Keir Starmer still clearly misses opposition. He spent almost as much of his reset speech complaining about the Tories and the mess he feels they made of things as he did talking about what he is actually doing. It’s almost as though government has turned out to be harder and less enjoyable than even he had predicted. He spent the first few minutes of his speech listing in his usual exasperated tones the ways in which the Conservatives had failed the country, deploying his analogy about tackling damp in a household by using a hairdryer, before saying: ‘Stabilising the economy, fixing the foundations, clearing up the mess – so we can take the country forward with our missions.’
What the Prime Minister actually wants to do is ‘challenging’, he claimed. He announced six ‘measurable milestones’ which he said his government is now able to focus on, having built a ‘strong foundation’. They are: raising living standards in every part of the UK; rebuilding Britain with 1.5 million homes and fast-tracking planning decisions on major infrastructure projects; ending hospital backlogs and meeting the standard of 92 per cent of patients being treated within 18 weeks; putting police back on the beat; giving children the best start in life; and securing homegrown energy and putting the UK on track to 95 per cent clean power by 2030. The problem, of course, with setting out any list of priorities is that others are conspicuous by their absence, which is why Starmer was immediately asked why immigration wasn’t on the list. In the speech he had insisted that ‘ border security’ was one of the ‘fundamentals’ that would never change, promising ‘this government will reduce immigration – legal and illegal – because that is what working people want and not just on migration itself’. But even in that, he sounded more energised by his critique of the ‘absolutely unforgivable’ way the Tories had ‘lost control of migration’ than he did by what he plans to do differently.
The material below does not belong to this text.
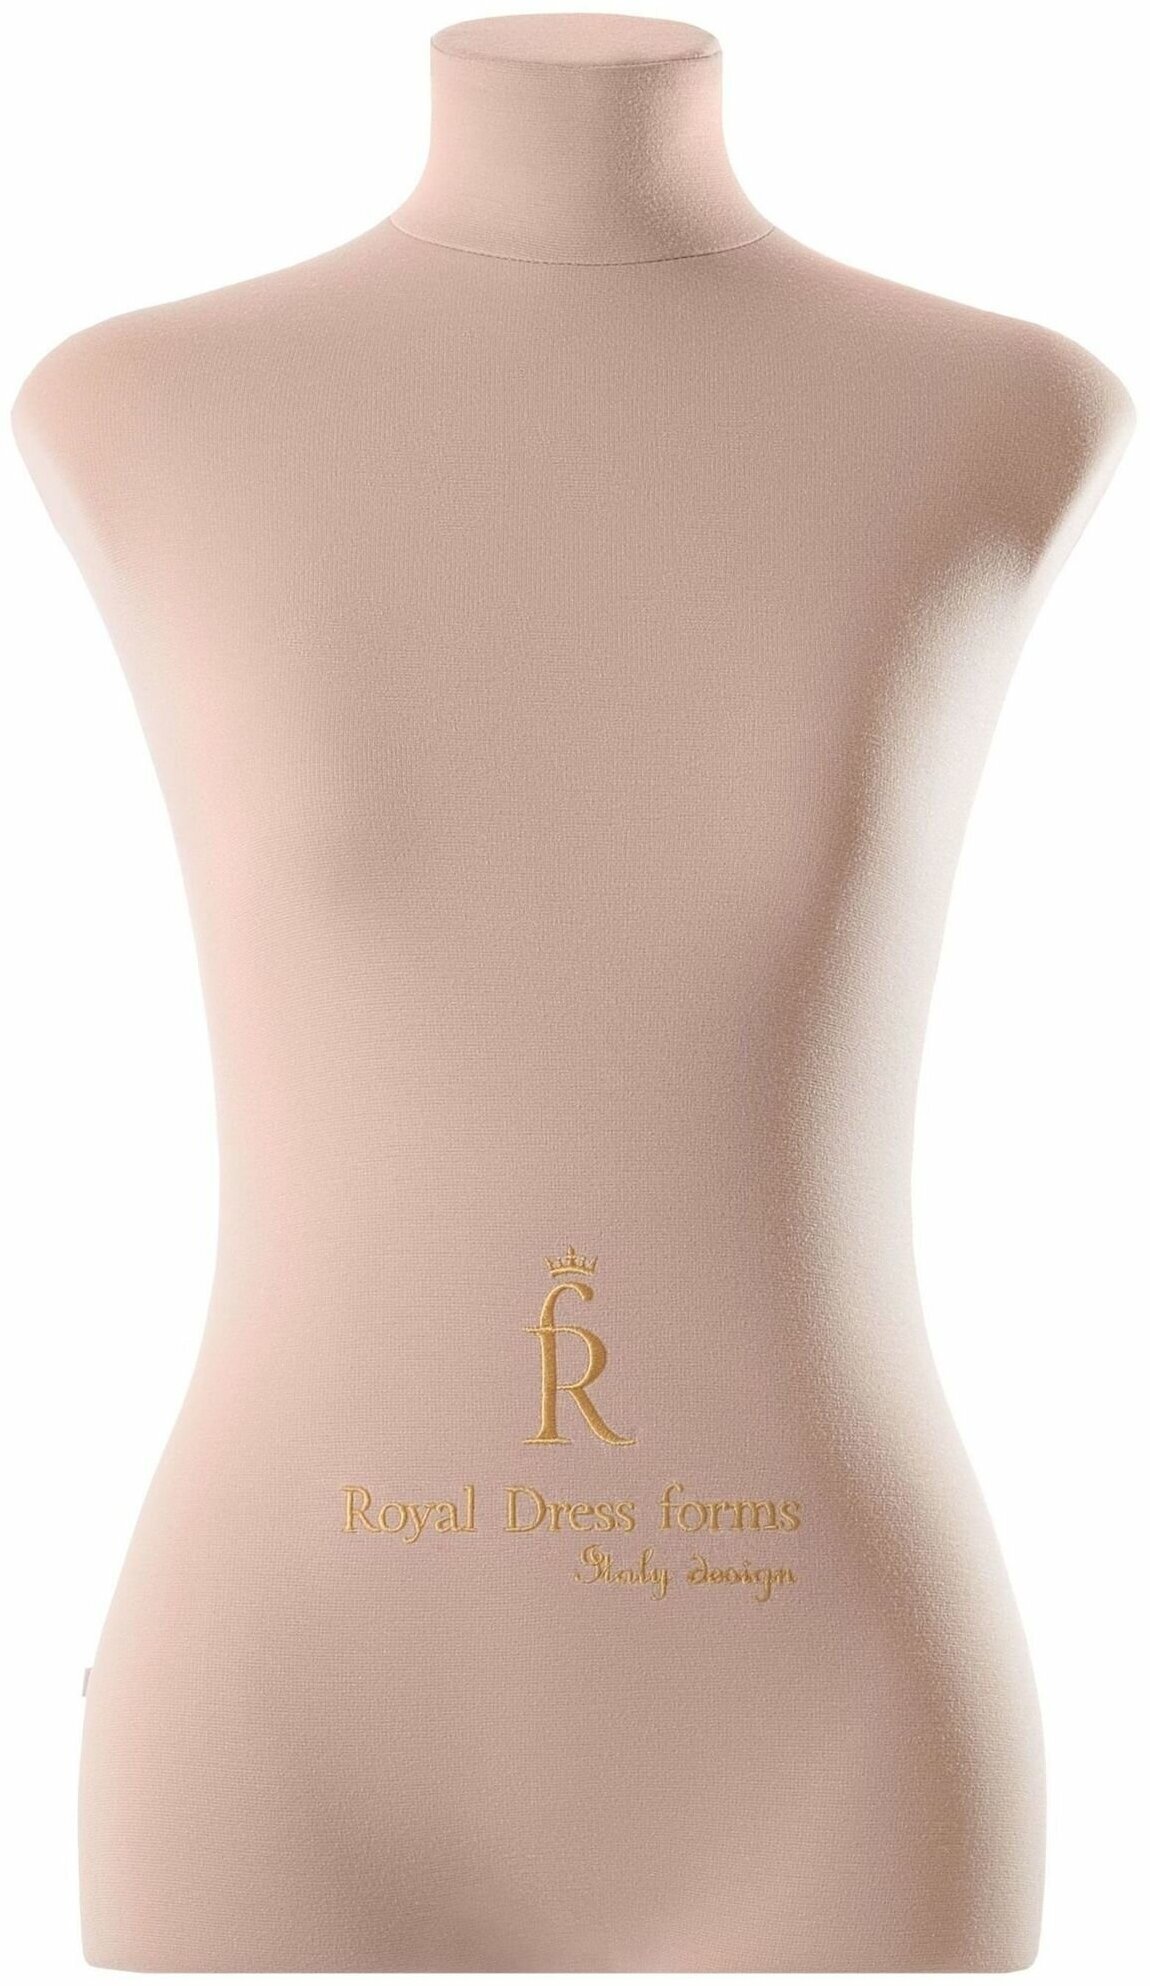 Манекен портновский Кристина Стандарт Royal Dress forms, размер 42
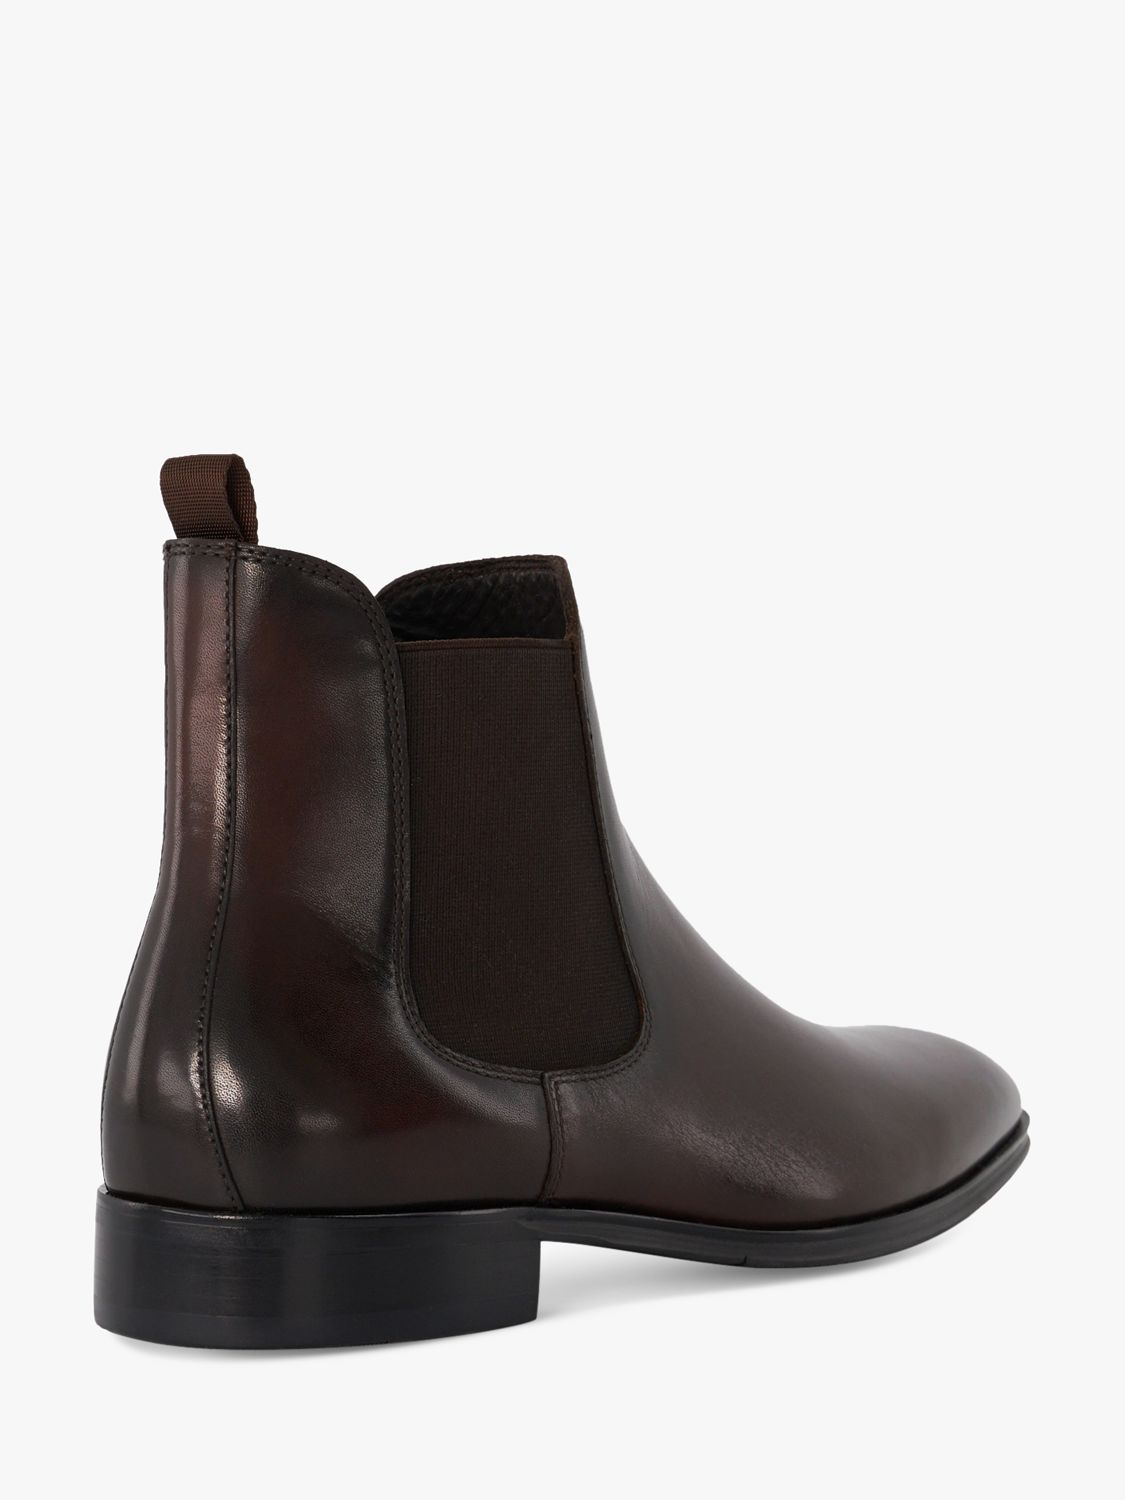 Dune Mandatory Leather Chelsea Boots, Dark Brown, 6

What does Starmer actually mean when he describes these priorities as ‘measurable milestones’? It doesn’t make a huge amount of sense given milestones are in fact a marker of a measurement, so well done to whoever came up with that phrase. He said: ‘The job of these milestones is to take our country forward, drive reform through the public sector, it’s not about making the government look good. So yes – they are risky for us. Country first, party second, because this is something we’ve totally lost sight of in British politics and, to be honest, across Whitehall as well.’ He claimed that Westminster culture meant that people confused being careful about making promises you can’t keep with setting ‘targets that will happen anyway’, and that the pledge on the NHS, for instance, was going to be really difficult to meet. Again he detailed the problems with the previous Tory administrations, saying ‘our plan for a change is a break, both with the unrealistic bluster of Boris Johnson and the acceptance of decline that was Rishi Sunak’s five pledges’. Starmer has long been more comfortable with defining himself as what he isn’t, rather than what he is, and today’s speech didn’t change that either.